To begin, we'll try to train dreambooth on a sample dataset with a few images of a dog. You can download the dataset from [here](https://drive.google.com/drive/folders/1BO_dyz-p65qhBRRMRA4TbZ8qW4rB99JZ) or with the following script

In [3]:
from huggingface_hub import snapshot_download

local_dir = "../dog"
snapshot_download(
    "diffusers/dog-example",
    local_dir=local_dir,
    repo_type="dataset",
    ignore_patterns=".gitattributes",
)

Fetching 5 files: 100%|███████████████████████████████████████████████████████████████████████████████████████| 5/5 [00:00<00:00, 15.25it/s]


'/Users/jonas/workspace/adomvi/dog'

## Fine-tune the model

To train the model, we found these settings work best. We train with LoRA, on 1500 steps, saving checkpoints every 500 step.

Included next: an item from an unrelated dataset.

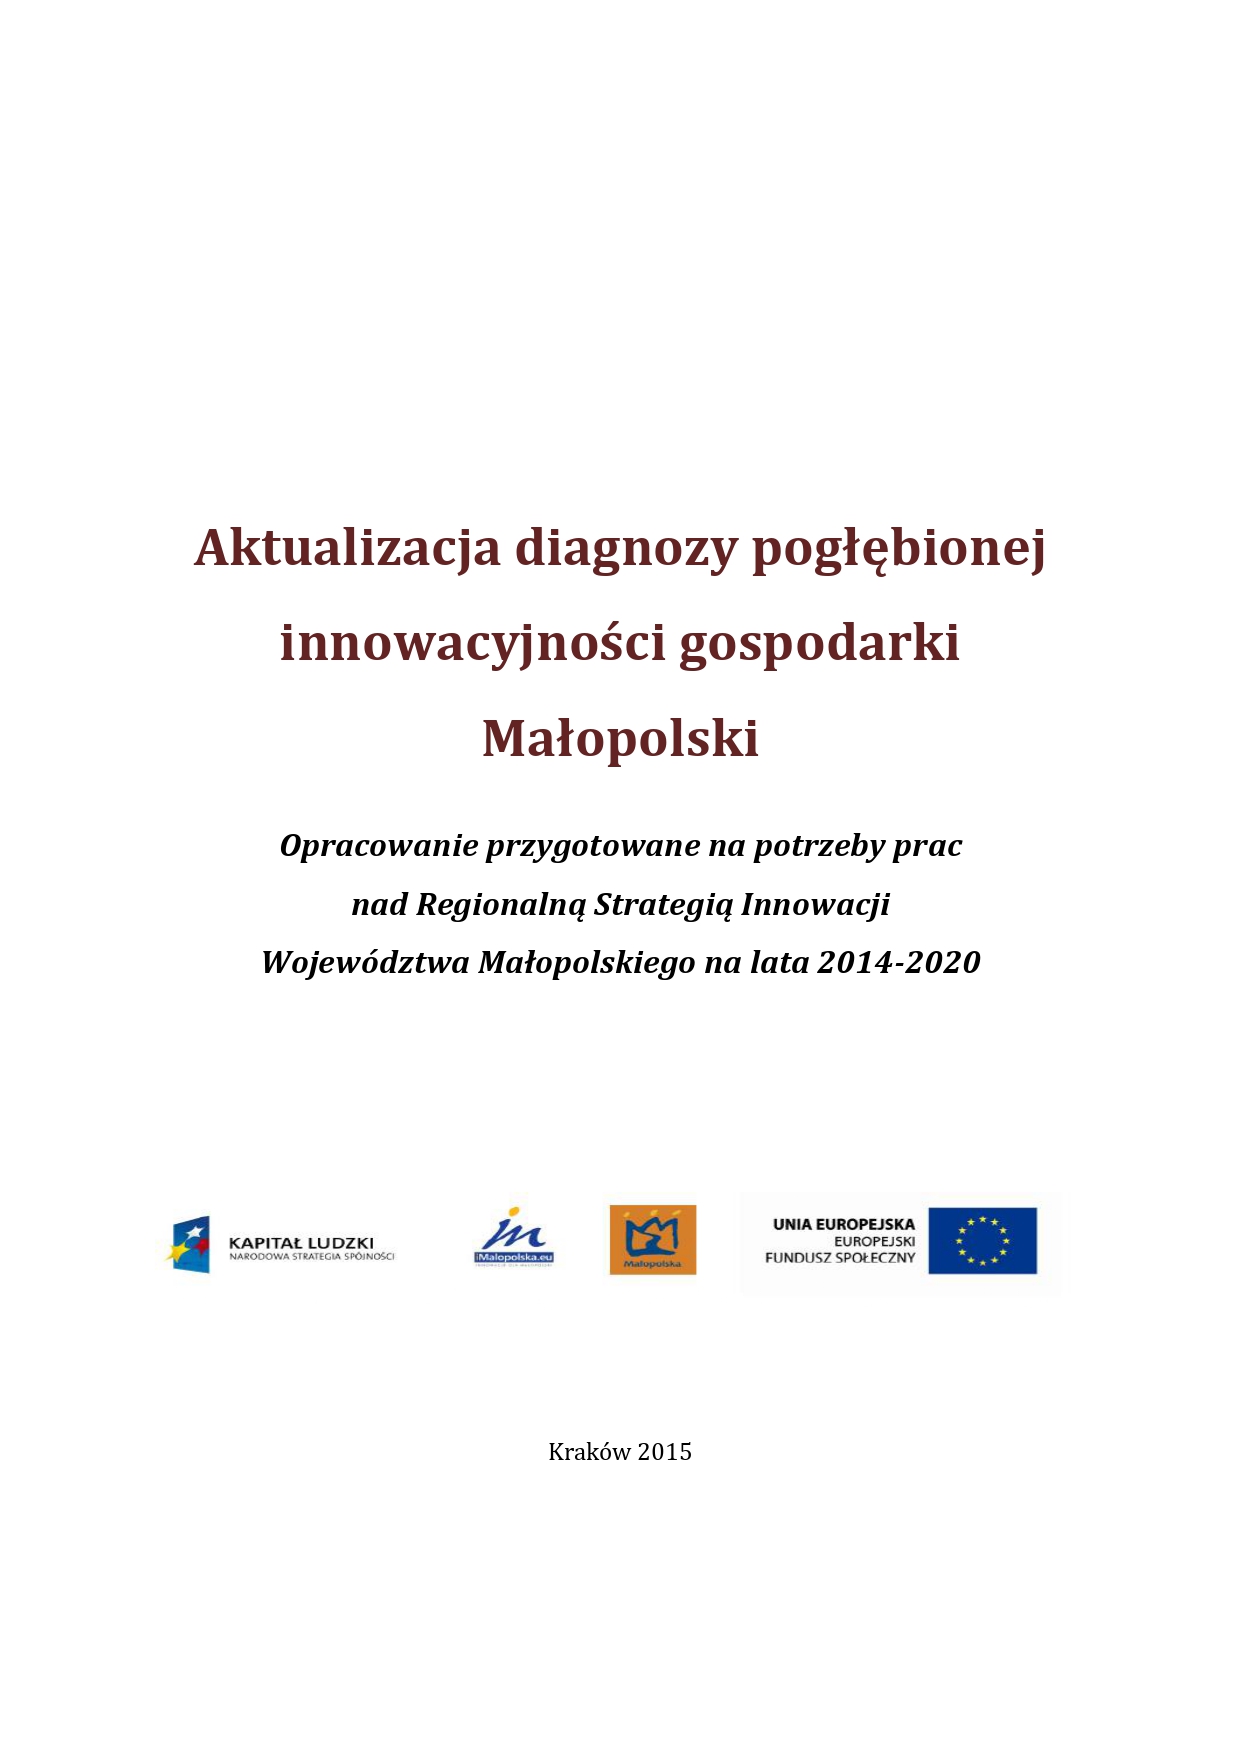 Analiza diagnozy pogłebionej innowacyjności gospodarki Małopolski

We finetune the text_encoder along with the unet.

In [5]:
!export MODEL_NAME="runwayml/stable-diffusion-v1-5"
!export INSTANCE_DIR="../dog"
!export CLASS_DIR="../dogs"
!export OUTPUT_DIR="../adomvi-dream-dog"

!accelerate launch ../diffusers/examples/dreambooth/train_dreambooth_lora.py \
  --pretrained_model_name_or_path=$MODEL_NAME  \
  --train_text_encoder \
  --instance_data_dir=$INSTANCE_DIR \
  --class_data_dir=$CLASS_DIR \
  --output_dir=$OUTPUT_DIR \
  --with_prior_preservation \
  --prior_loss_weight=1.0 \
  --instance_prompt="a photo of sks dog" \
  --class_prompt="a photo of a dog" \
  --num_class_images=200 \
  --resolution=512 \
  --train_batch_size=1 \
  --use_8bit_adam \
  --gradient_accumulation_steps=1 \
  --checkpointing_steps=500 \
  --learning_rate=1e-4 \
  --lr_scheduler="constant" \
  --lr_warmup_steps=0 \
  --max_train_steps=1500 \
  --validation_prompt="A photo of sks dog in a bucket" \
  --validation_epochs=50 \
  --seed="0"

## Running inference

Once the model has been trained, we can run inference to generate new images from a prompt

In [None]:
from huggingface_hub.repocard import RepoCard
from diffusers import StableDiffusionPipeline
import torch

lora_model_id = "adomvi-dream-dog"
card = RepoCard.load(lora_model_id)
base_model_id = card.data.to_dict()["base_model"]

pipe = StableDiffusionPipeline.from_pretrained(base_model_id, torch_dtype=torch.float16)
pipe = pipe.to("cuda")
pipe.load_lora_weights(lora_model_id)

prompt = "A picture of a sks dog in a bucket."
negative_prompt = ("(low quality, worst quality:1.4), "
                   "bad composition, inaccurate eyes")

images = pipeline(prompt=prompt, 
    negative_prompt=negative_prompt, 
    width=512, 
    height=768, 
    num_inference_steps=100, 
    num_images_per_prompt=4,
    generator=torch.manual_seed(0)
).images

In [None]:
from diffusers import DiffusionPipeline
import torch

model_id = "dreambooth"
pipe = DiffusionPipeline.from_pretrained(model_id, torch_dtype=torch.float16).to("cuda")

prompt = "A photo of sks dog in a bucket"
image = pipe(prompt, num_inference_steps=50, guidance_scale=7.5).images[0]

image.save("dog-bucket.png")